Surgical Consultation - Our cardiologists do not perform surgery in the operating room. If surgery becomes necessary, our physicians work closely with the finest surgeons to ensure appropriate care and treatment.


Peripheral Angiography and Stenting - Renal Angiography and Stenting Angiogram is an x-ray of the arteries. It is performed by puncturing the artery under local anesthetic, and injecting contrast (dye) to outline the blood vessels. A reduction in the blood supply to the kidneys can give rise to poor renal function and high blood pressure. The kidney arteries can become narrowed by atheroma (hardening of the arteries). In this case, the narrowed artery can be stretched with a balloon angioplasty and stenting to improve blood flow, this will help to reduce blood pressure and maintain better kidney function.
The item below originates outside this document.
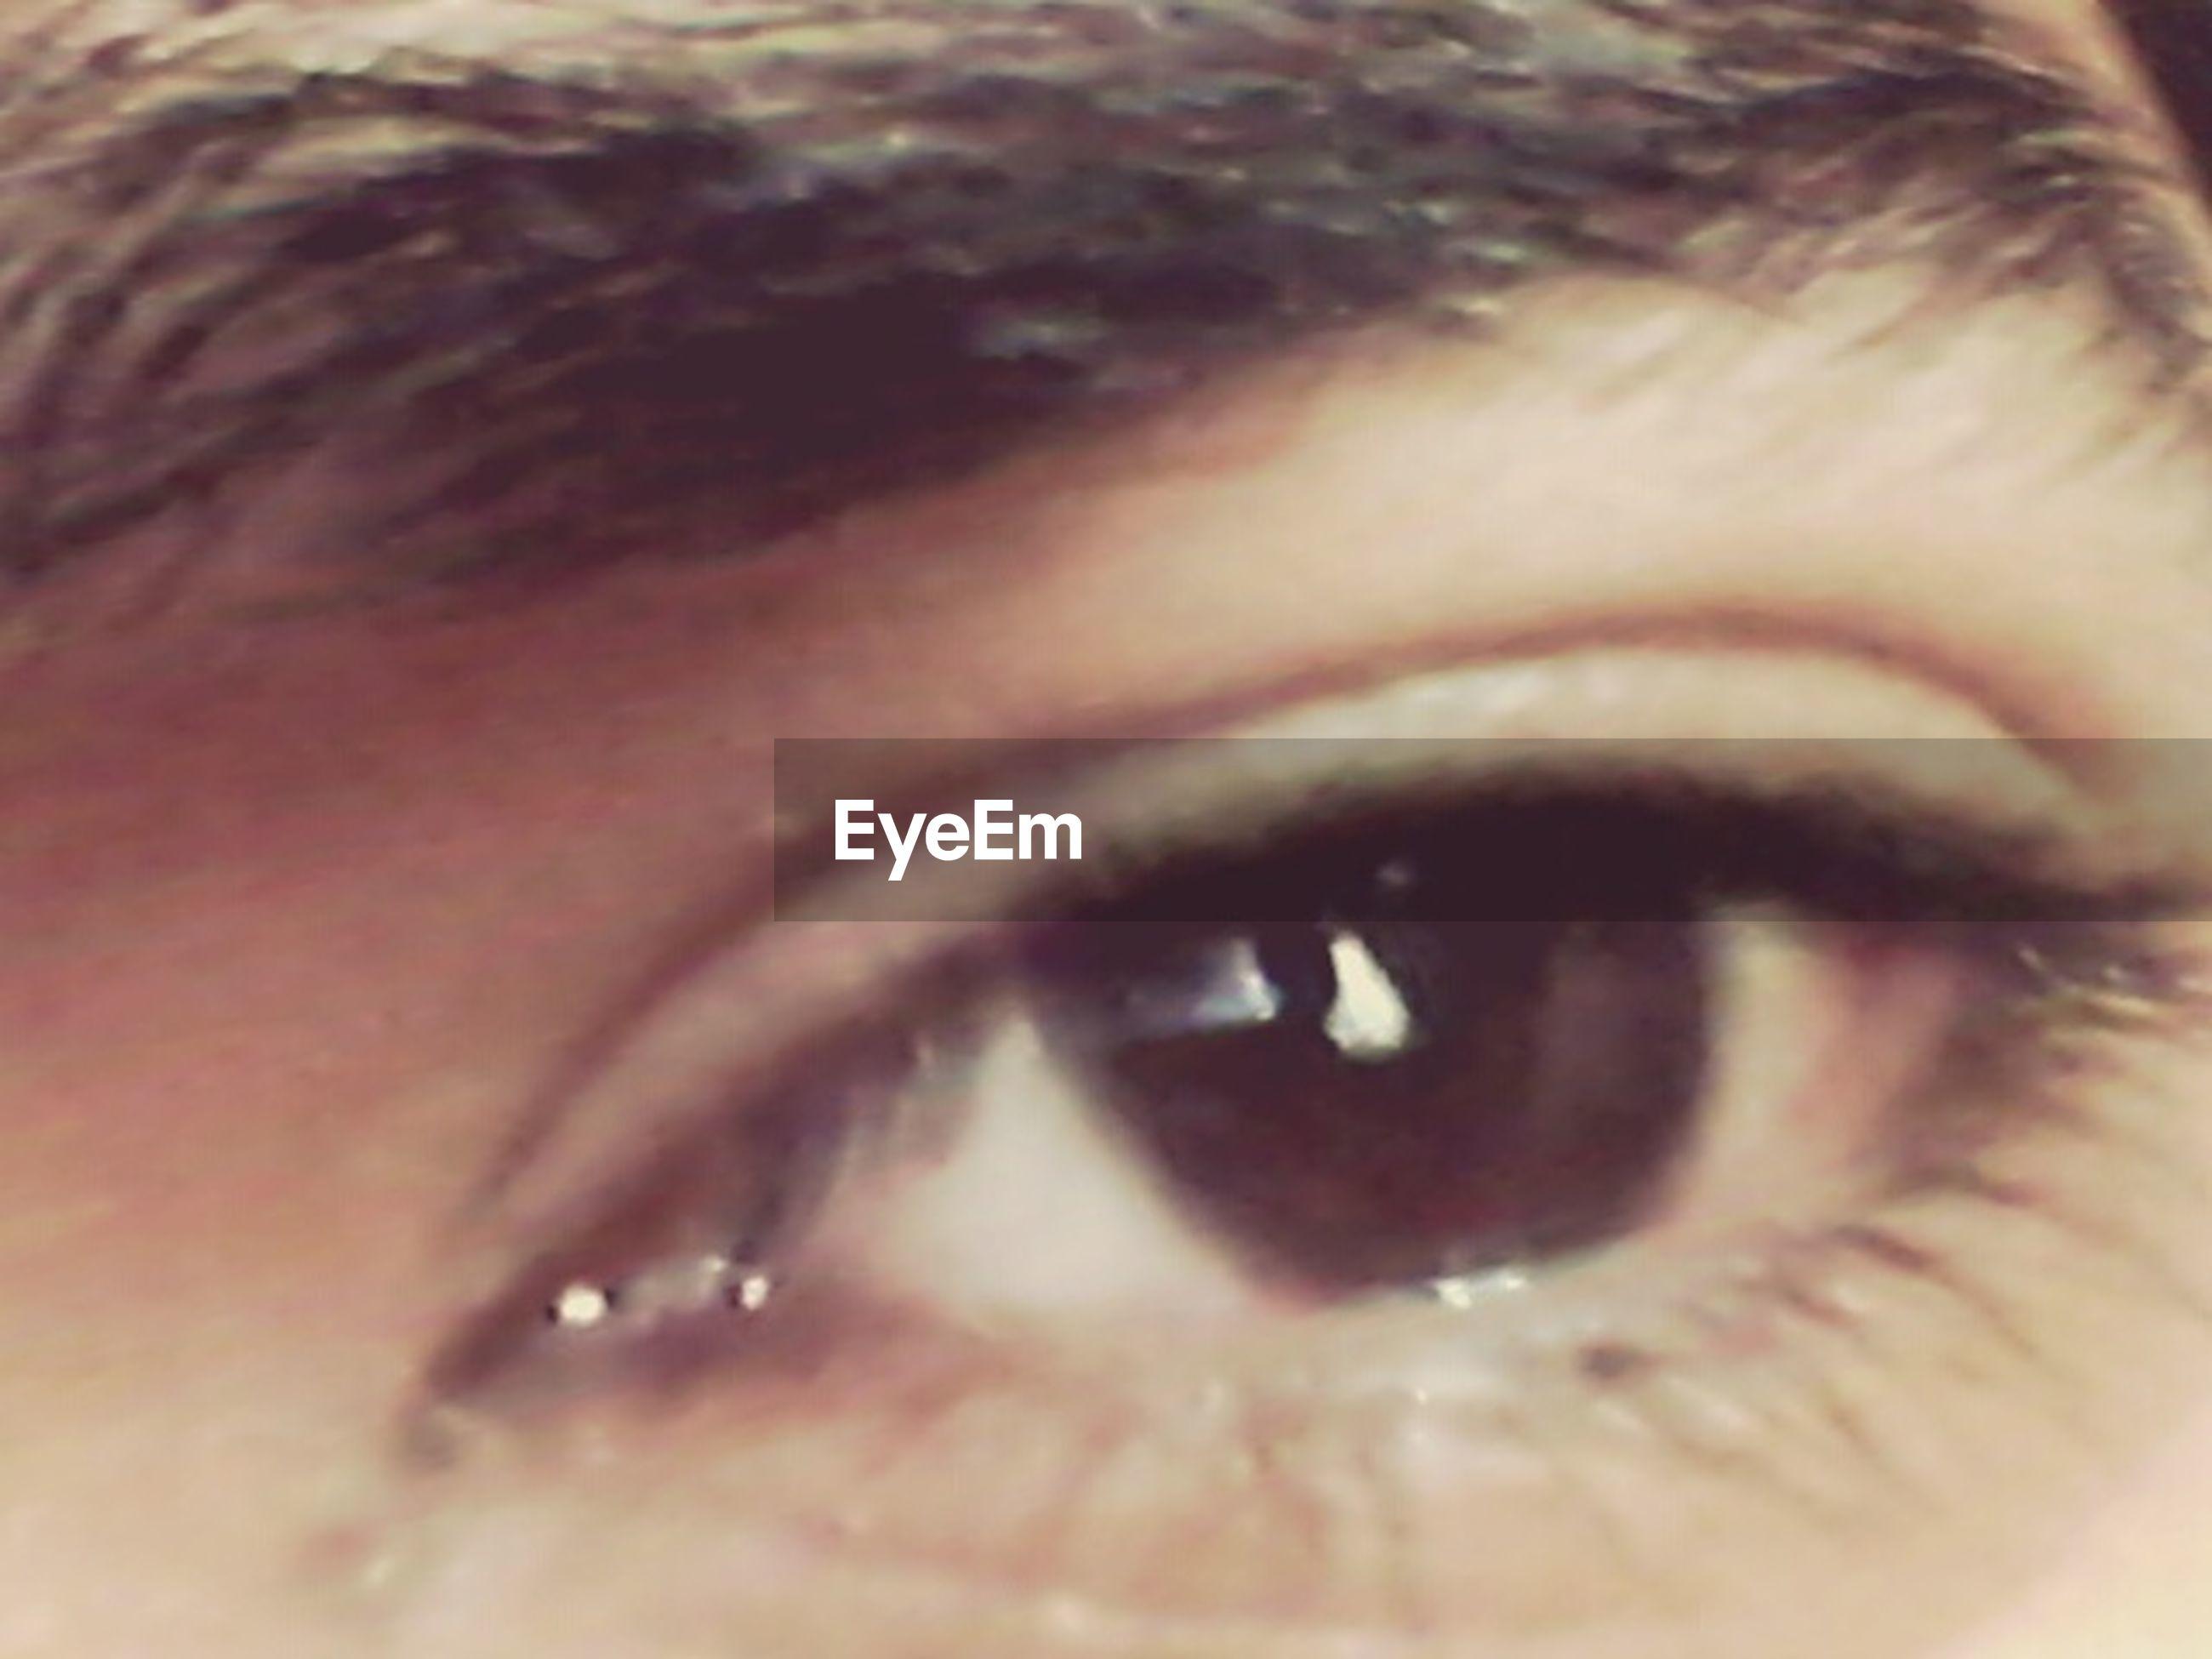 human eye, close-up, eyelash, eyesight, human face, headshot, sensory perception, human skin, looking at camera, lifestyles, eyebrow, portrait, extreme close-up, part of, extreme close up, eyeball, iris - eye

Renal Angiography and Stenting - Angiogram is an x-ray of the arteries. It is performed by puncturing the artery under local anesthetic, and injecting contrast (dye) to outline the blood vessels. A reduction in the blood supply to the kidneys can give rise to poor renal function and high blood pressure. The kidney arteries can become narrowed by atheroma (hardening of the arteries). In this case, the narrowed artery can be stretched with a balloon angioplasty and stenting to improve blood flow, this will help to reduce blood pressure and maintain better kidney function.


Permanent Pacemaker Implantation - A Pacemaker is a small device that sends small electrical impulses to the heart muscle to maintain a suitable heart rate or to stimulate the lower chambers of the heart or ventricles. A pacemaker may also be used to treat fainting spells (syncope). They can also be used to treat congestive heart failure.

There are several different types of pacemakers:

Single Chamber Pacemaker
Dual Chamber Pacemaker
Biventricular Pacemaker

Your physician will decide what type of pacemaker you need based on your heart condition. A pacemaker implant procedure can last from 2 to 5 hours. It is usually done under IV sedation. A medication will be given through your IV to relax you and make you feel drowsy; you will not be asleep during the procedure.You will need to remain in the hospital over night afterwards. Under most circumstances you will be able to go home the next day.


Trans-Esophageal Echocardiogram is a special ultrasound test that uses sound waves to take pictures of the heart. This type of echo can take clearer pictures of the heart than regular ultrasound especially in adults. The study is done by passing a special tube down the throat into the esophagus. The end of this tube is placed near the heart which allows very clear, detailed pictures to be taken. It is normally done under IV sedation.